Изменить размер шрифта - +

Товстоногов пытался противостоять наиболее циничным, наиболее гадким для него «веяниям» лишь тем, чем мог, не разрушая то здание, ради которого, целями которого жил: он никогда не вступал в партию, хотя положение художественного руководителя театра обязывало к этому, и всегда писал в анкетах, отвечая на вопрос о социальном происхождении: «из дворян». Пусть сегодня этот «бунт» кажется кому-то наивным, но это был все-таки бунт против существующей системы.

Он делал то, что мог: переписывал несовершенный литературный материал для своих «датских» спектаклей, при этом старался, чтобы они не были «штуками», как писал он к Немировичу-Данченко, а давали пищу для размышления. И, как многие его современники, нередко испытывал двойственность в отношении к власти.

Но к этому разговору мы будем еще не раз возвращаться.

Да, Георгий Александрович Товстоногов, как и все другие мастера, вынужден был выбирать пьесы к определенным датам. Но в отличие от многих его современников история была ему не безразлична; он видел мощные характеры, страсти, перелом эпох и пытался запечатлеть это в своих спектаклях «Оптимистическая трагедия», «Гибель эскадры», «Поднятая целина», «Тихий Дон», «Три мешка сорной пшеницы»… Товстоногов обладал непарадным гражданским самосознанием — потому, быть может, видел острее многих.
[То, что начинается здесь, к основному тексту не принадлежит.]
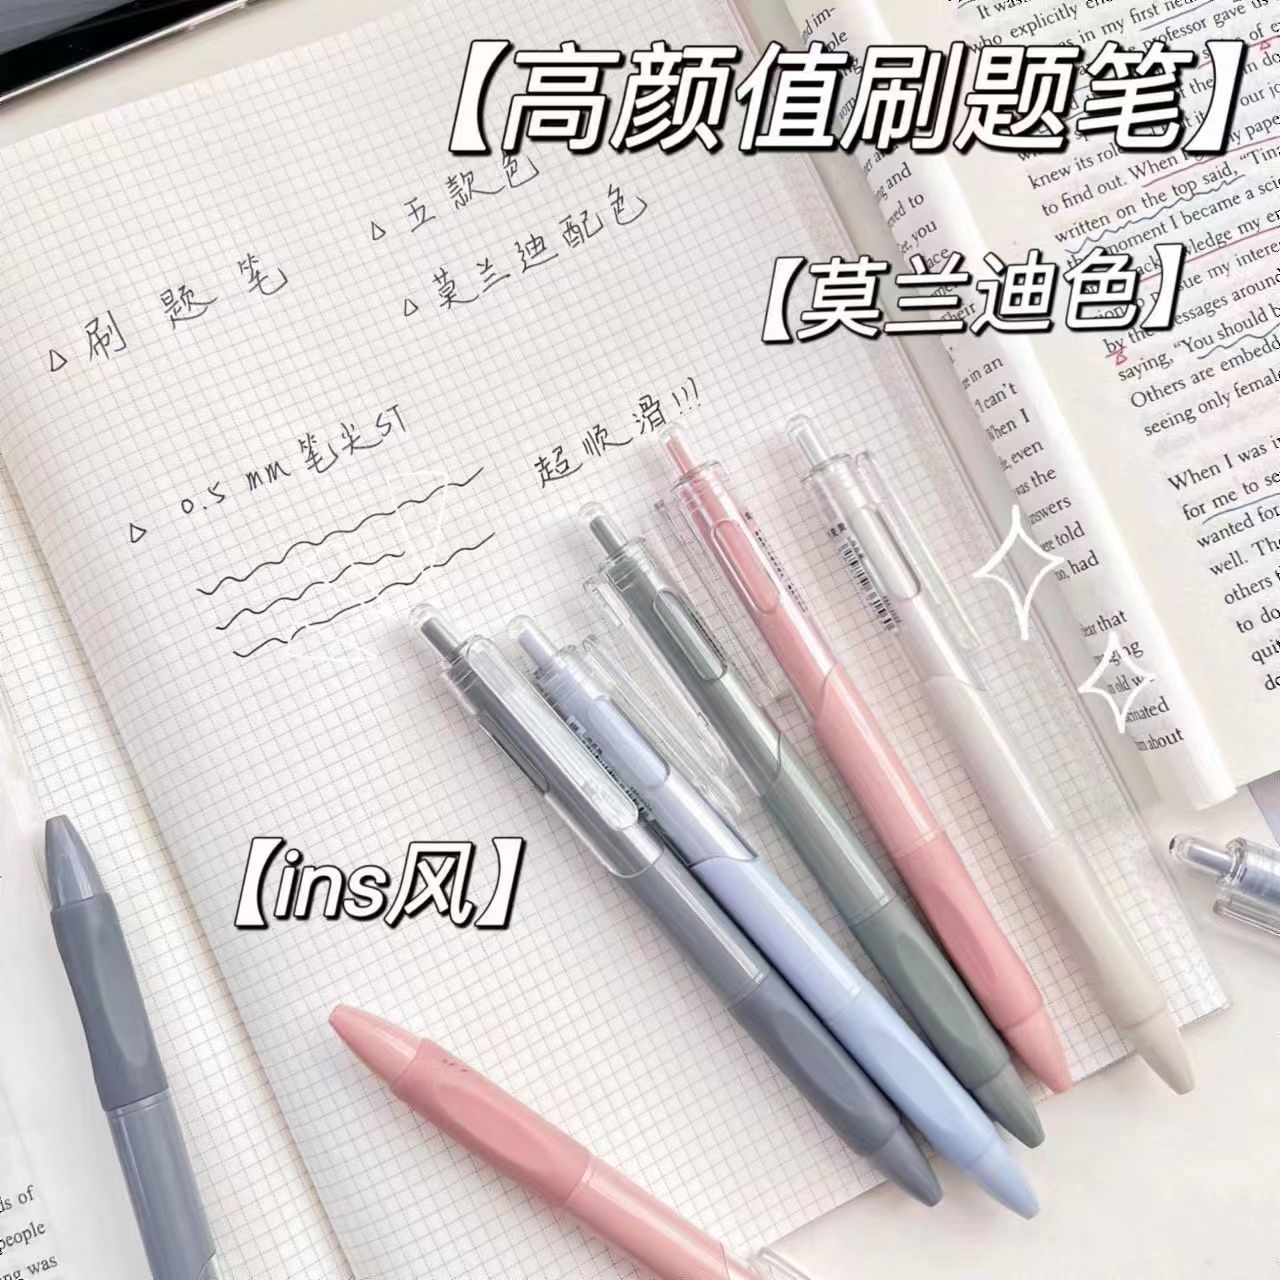 晨光/握笔器/熊猫笔/签字笔/窗口广告笔产品图
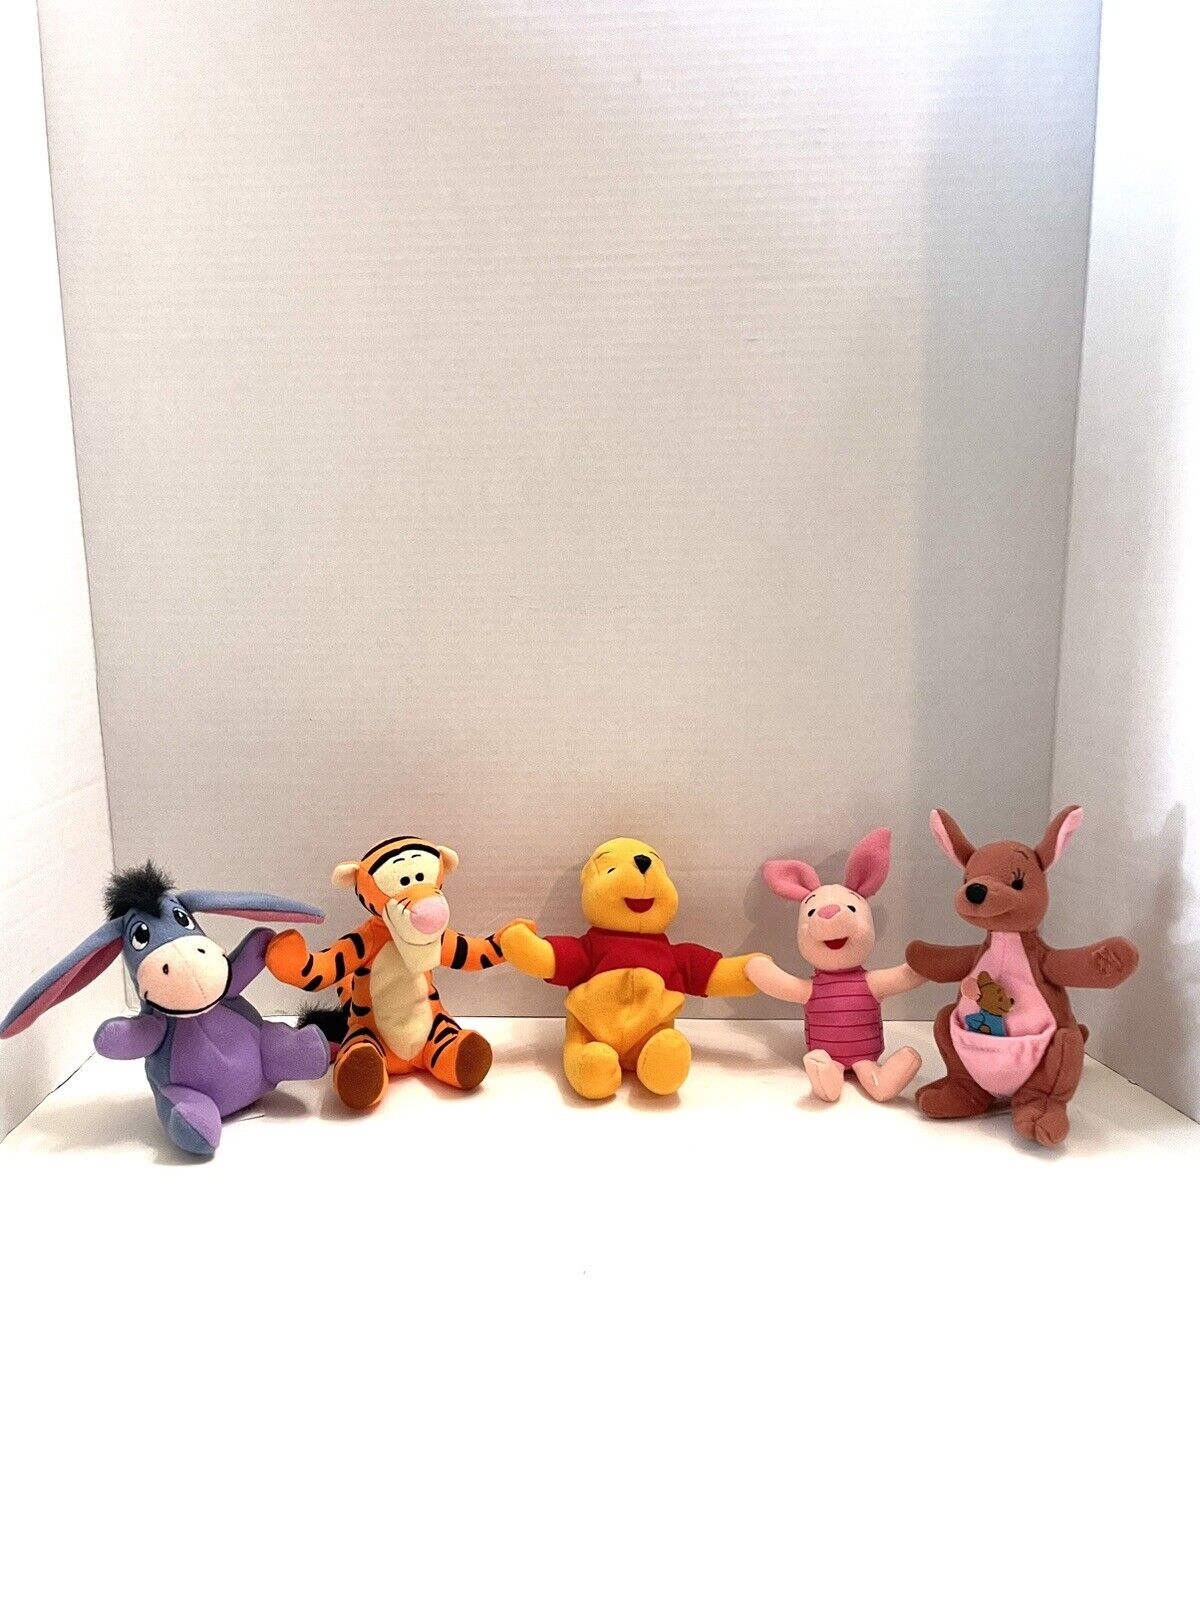 Vintage ~ Disney MATTEL plush toys ~ Tigger, Pooh, Piglet, Eeyore, Kanga & Roo

Польский режиссер Эрвин Аксер, поставивший в Большом драматическом театре три спектакля, уже после смерти Георгия Александровича писал в своих воспоминаниях: «В России 60—70-х годов понятие “гражданская позиция” означало, как это ни парадоксально, не конформизм, а способность — не навлекая на театр репрессии, а на спектакль угрозу закрытия властями — что-то навязать или протащить благодаря поддержке общественного мнения (поскольку таковое все же существовало, хотя и в определенных рамках), благодаря искусству дипломатии, хитроумию, игравшим огромную роль личным связям, наконец, благодаря поддержке некоторых политиков.

Назначение театра в Советском Союзе можно сравнить с назначением арены в древнем Риме. Даже кое-кто из партийных боссов хаживал в театр для собственного удовольствия и неохотно ущемлял его и без того ограниченные права. С другой стороны, зрительская элита с точки зрения sui generis (лат. — своего рода. — Н. С.) оппозиции — а может, следовало бы сказать, исходя из ничуть не менее важного представления об общественной порядочности — сурово оценивала позицию постановщика.

Товстоногов, как сам не раз говорил, не чувствовал в себе призвания к мученичеству. Люди театра — если уж так случается — чаще всего становятся мучениками невольно, вопреки собственному желанию. Товстоногов восхищался Солженицыным, но не завидовал его лаврам, заслуженным слишком дорогой ценой… Будучи подлинным человеком театра, он не пренебрегал почестями. Не уклонялся от официальных наград. Однако не уклонялся и от риска, если этого требовали совесть и темперамент»{Перевод с польского К. Я. Старосельской.}.

Это — характеристика Товстоногова 1960—1970-х годов, но нет никаких сомнений, что в полной мере относится она и к более раннему времени.

Вернемся в другое десятилетие, к спектаклю «Из искры».

Несмотря на то, что постановка «подарка» к юбилею вождя была необходимой, спектакль оказался под угрозой. Чересчур тщательно работая над литературным материалом, совершенствуя и доводя до необходимой объемности характеры, режиссер перестарался — жанр повествования неуловимо изменился: вместо «подношения», в котором герой мог увидеть свою вычищенную и расписанную всеми красками биографию, получилось историко-публицистическое полотно, в котором, по словам рецензента А. Млодика, «жанровые сцены уступили место глубокому, разностороннему показу идейной борьбы».